7.3 Approximation by local smooth solutions
Theorem 7.9
Let \(-\infty<x_{l}<x_{r}<\infty \). Consider \(\xi _{0}=(u_{0},R_{0},S_{0},\rho _{0},\sigma _{0},\mu _{0},\nu _{0})\) and \(\xi _{0}^{n}=(u_{0}^{n},R_{0}^{n},S_{0}^{n},\rho _{0}^{n},\sigma _{0}^{n},\mu _{0}^{n},\nu _{0}^{n})\) in \({\mathcal {D}}\).
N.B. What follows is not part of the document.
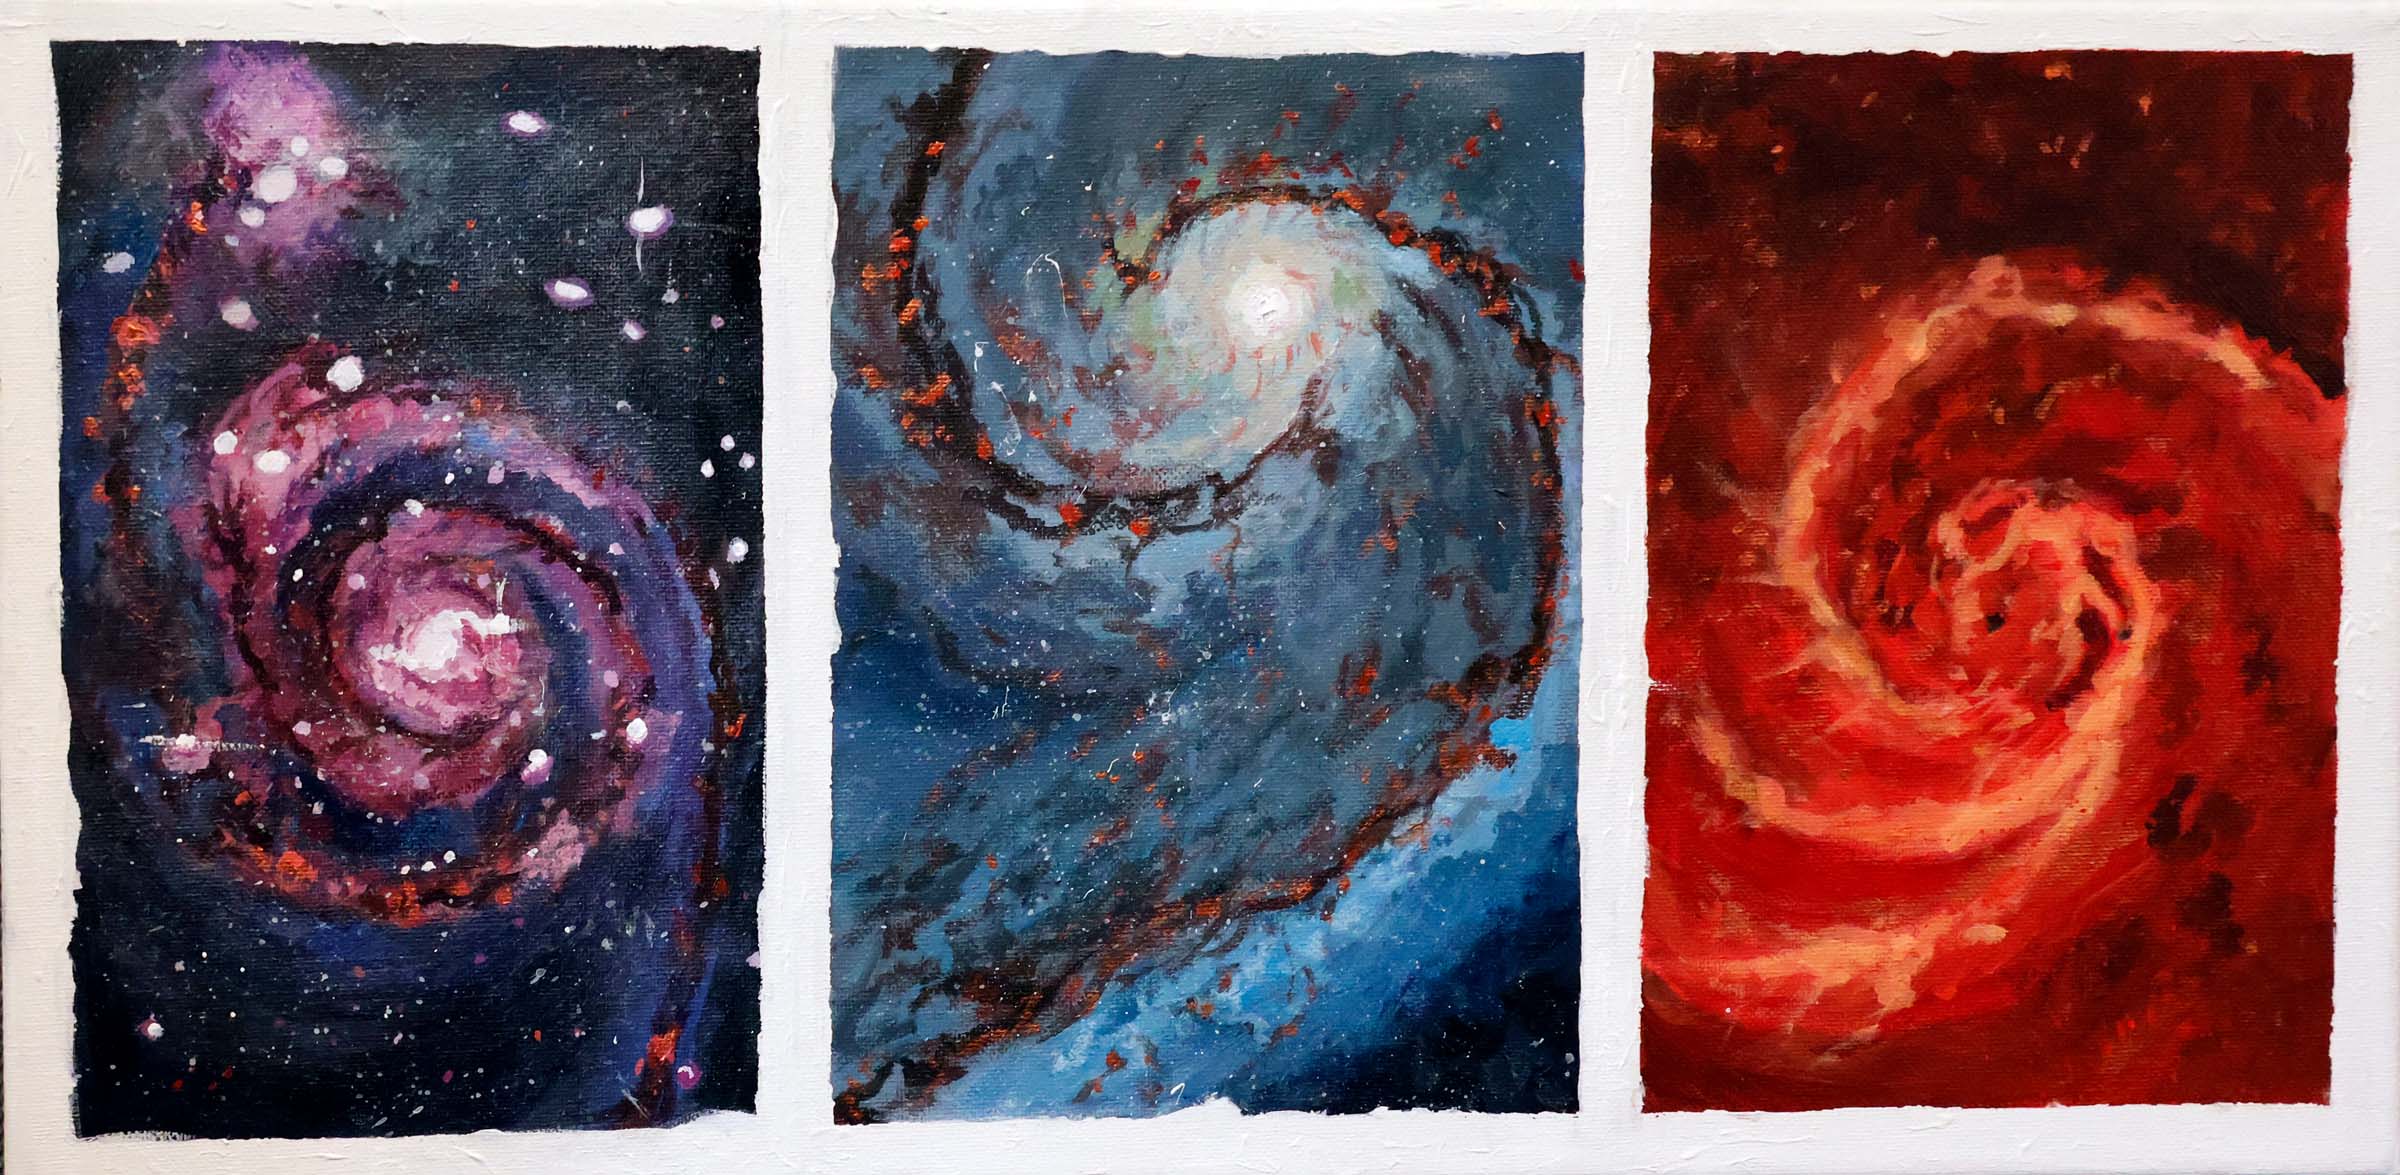 The canvas is subdivided into three images. They are all of the same galaxy but with different colors and features. The left image uses pinks and purples, and many distinct, fully resolved sources are visible. The central version has dark, black, and red arms of the spiral galaxy that emanate a cyan glow. The right image is dominated by reds and oranges, and the spiral itself is suffused with a hazy glow.

Assume that for all \(n\in {\mathbb {N}}\),
-
(A1”)
\(u_{0}, R_{0}, S_{0}, \rho _{0}, \sigma _{0}, u_{0}^{n}, R_{0}^{n}, S_{0}^{n}, \rho _{0}^{n}, \sigma _{0}^{n}\in C^{\infty }([x_{l},x_{r}])\),
-
(A2”)
\(\rho _{0}(x)=0\) and \(\sigma _{0}(x)=0\) for all \(x\in [x_{l},x_{r}]\),
-
(A3”)
there are constants \(d_{n}>0\) and \(e_{n}>0\) such that \(\rho _{0}^{n}(x)\ge d_{n}\) and \(\sigma _{0}^{n}(x)\ge e_{n}\) for all \(x\in [x_{l},x_{r}]\),
-
(A4”)
\(u_{0}^{n}\rightarrow u_{0}\) in \(L^{\infty }([x_{l},x_{r}])\), \(R_{0}^{n}\rightarrow R_{0}, \ S_{0}^{n}\rightarrow S_{0}, \ \rho _{0}^{n}\rightarrow \rho _{0}\), and \(\sigma _{0}^{n}\rightarrow \sigma _{0}\) in \(L^{2}([x_{l},x_{r}])\),
-
(A5”)
\(\mu _{0}, \ \nu _{0}, \ \mu _{0}^{n}, \text { and } \nu _{0}^{n}\) are absolutely continuous on \([x_{l},x_{r}]\),
-
(A6”)
\(\mu _{0}((-\infty ,x_{l}))=\mu _{0}^{n}((-\infty ,x_{l}))\), \(\mu _{0}((-\infty ,x_{r},))=\mu _{0}^{n}((-\infty ,x_{r}))\), \(\nu _{0}((-\infty ,x_{l}))=\nu _{0}^{n}((-\infty ,x_{l}))\), and \(\nu _{0}((-\infty ,x_{r},))=\nu _{0}^{n}((-\infty ,x_{r}))\),
-
(A7”)
\(c\in C^{\infty }({\mathbb {R}})\) and \(c^{(m)}\in L^{\infty }({\mathbb {R}})\) for \(m=3,4,5,\ldots \).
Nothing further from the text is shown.